WORK TO BE COMPLETED | The required output is the stretch from the line containing "Email potvrda za" through the line containing "עיצוב מטבחים קלאסי" in the records below, unaltered and with no pictures.

RECORDS FOR THE EXERCISE |

-*-

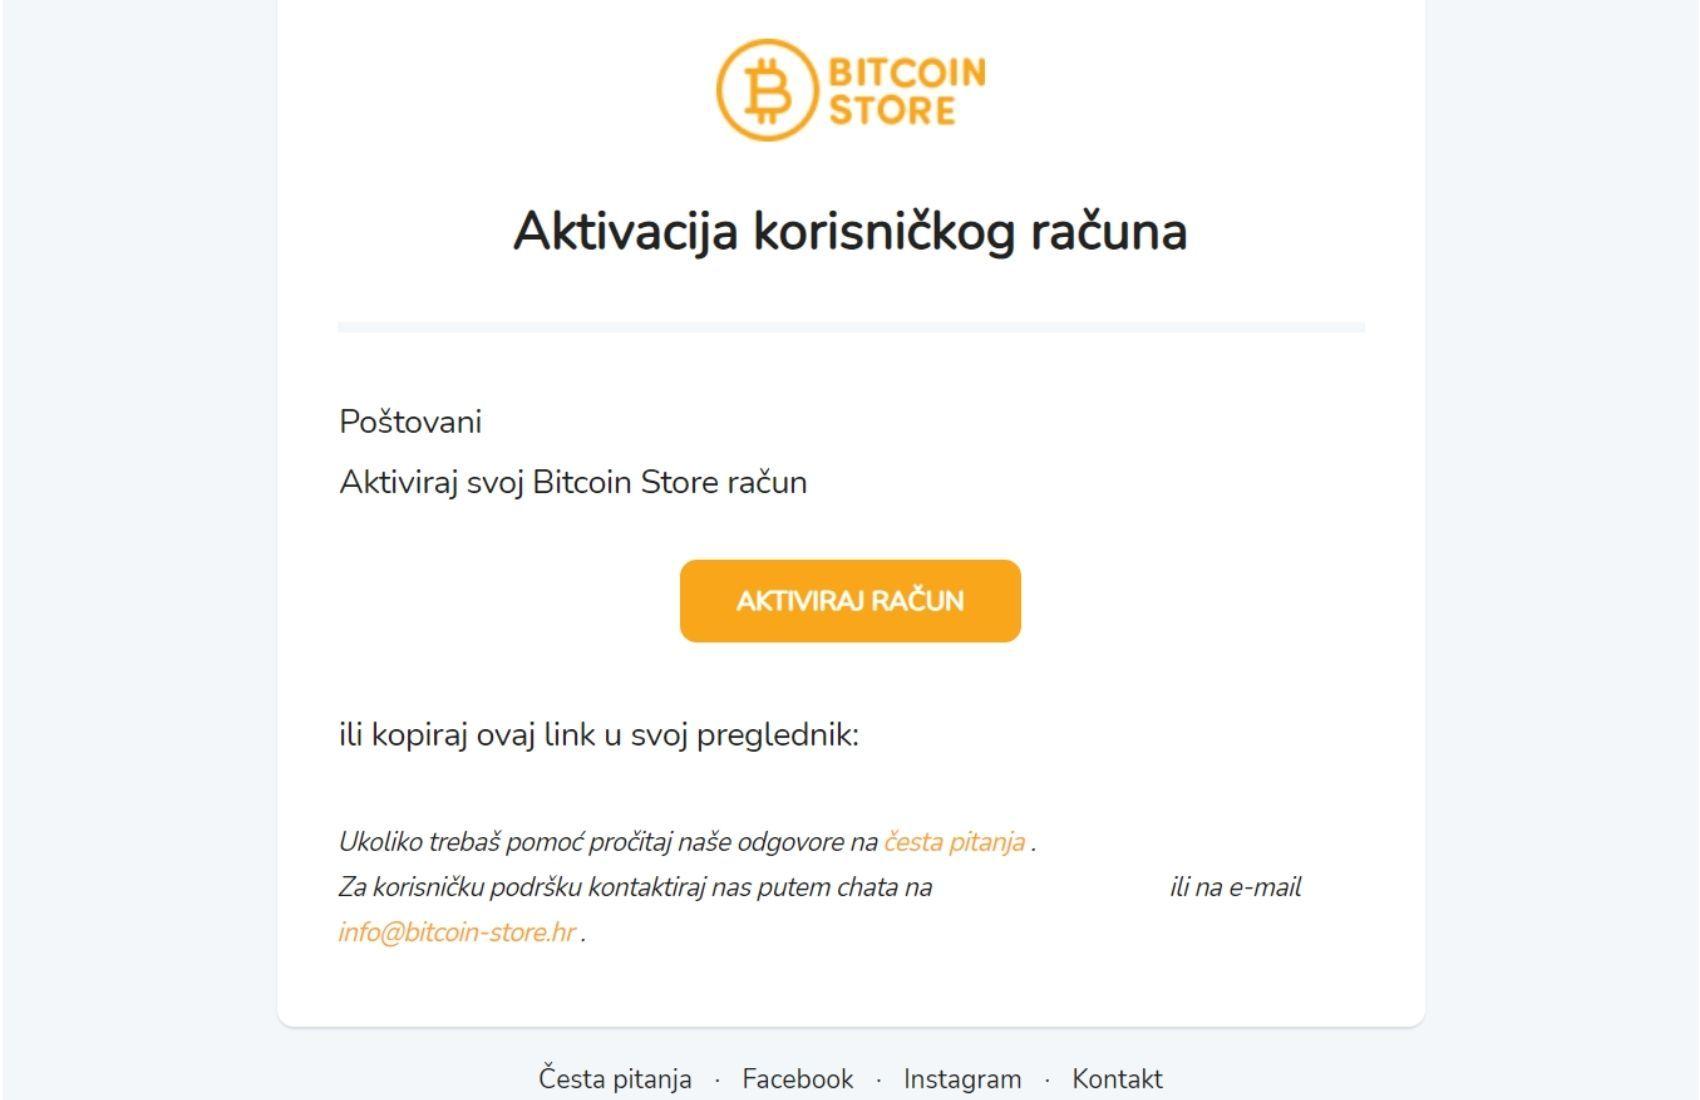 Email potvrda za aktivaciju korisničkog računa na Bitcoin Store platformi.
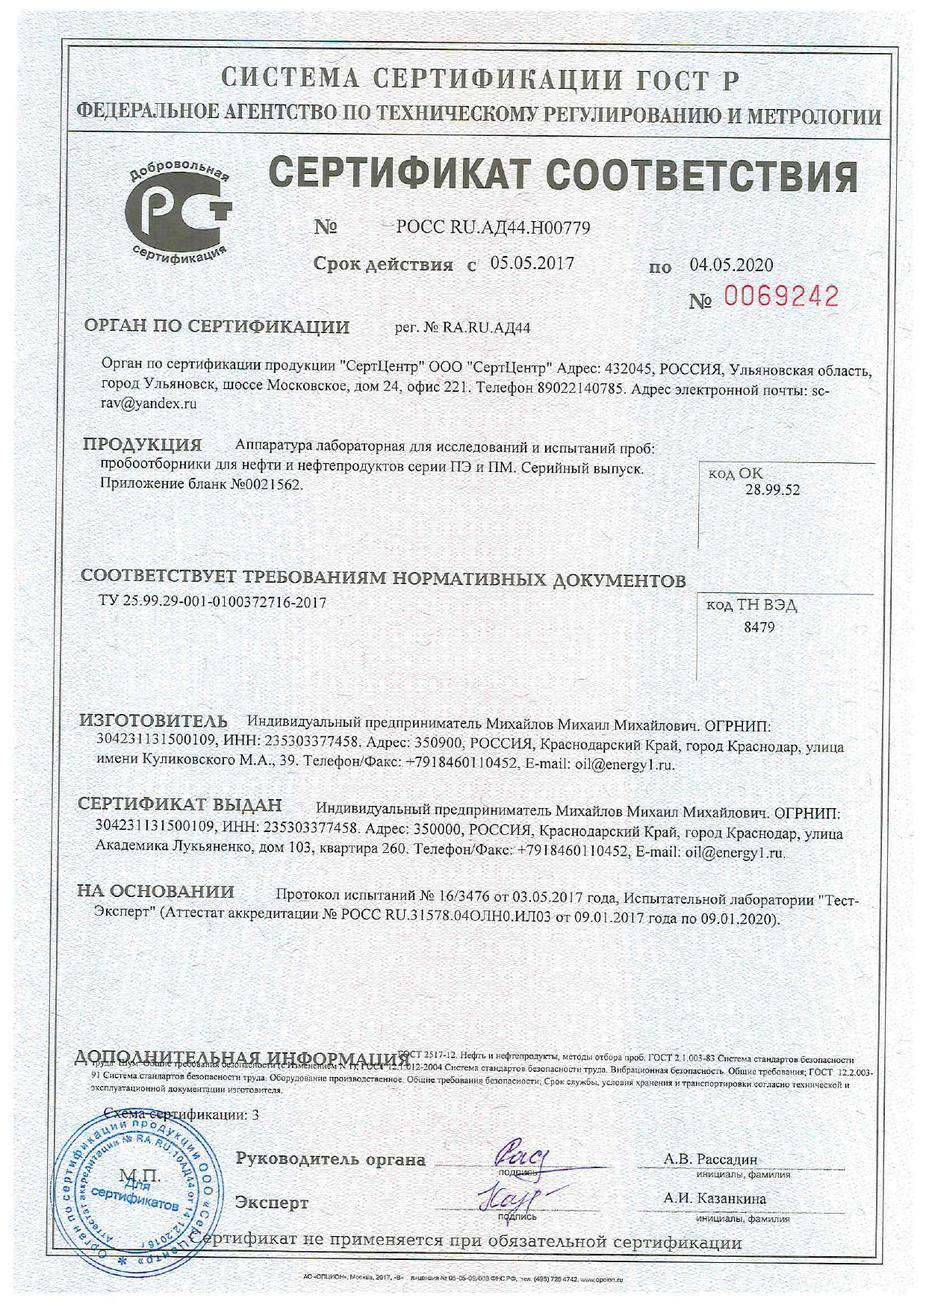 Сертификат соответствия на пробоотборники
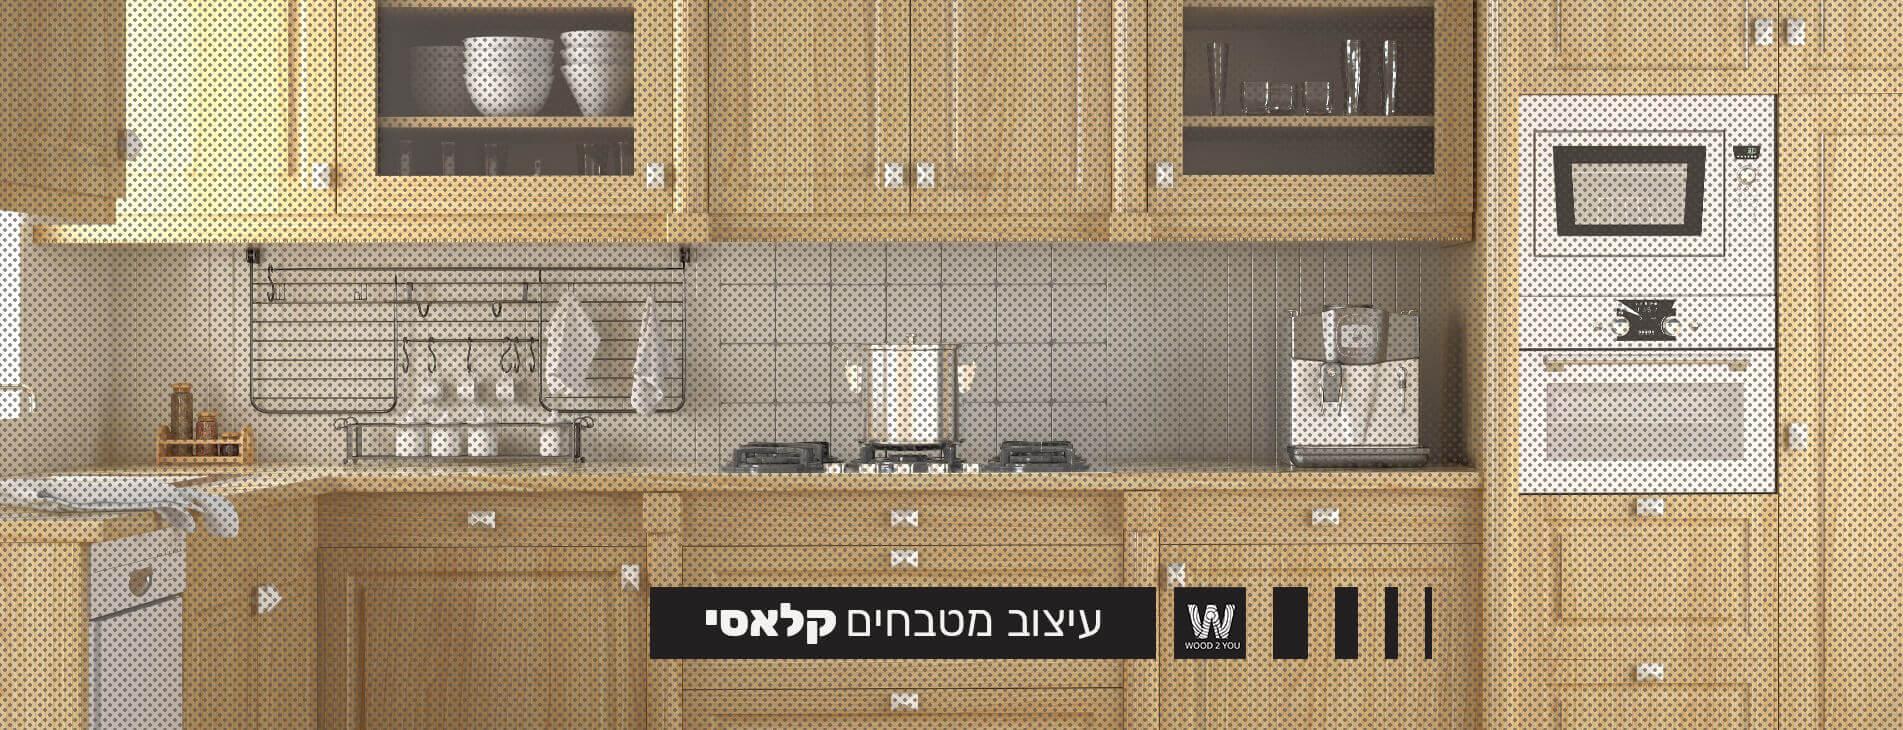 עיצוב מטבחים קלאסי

-*-

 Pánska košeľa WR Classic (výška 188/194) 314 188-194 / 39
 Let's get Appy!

-*-

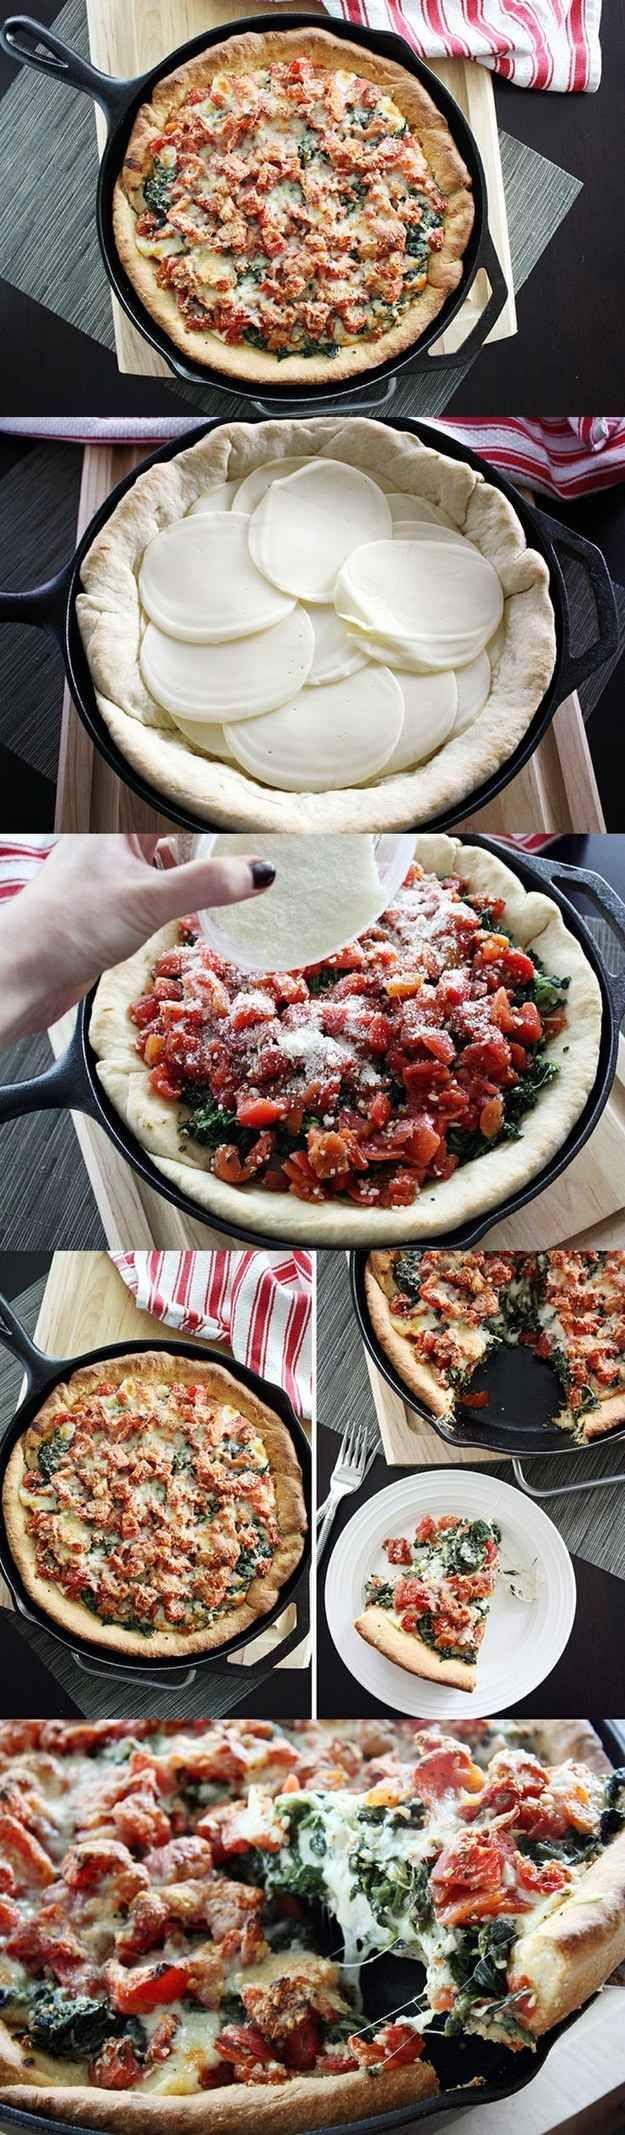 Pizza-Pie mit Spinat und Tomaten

-*-

RESPONSE TO THIS EXERCISE |
 Email potvrda za aktivaciju korisničkog računa na Bitcoin Store platformi.
 Сертификат соответствия на пробоотборники
 עיצוב מטבחים קלאסי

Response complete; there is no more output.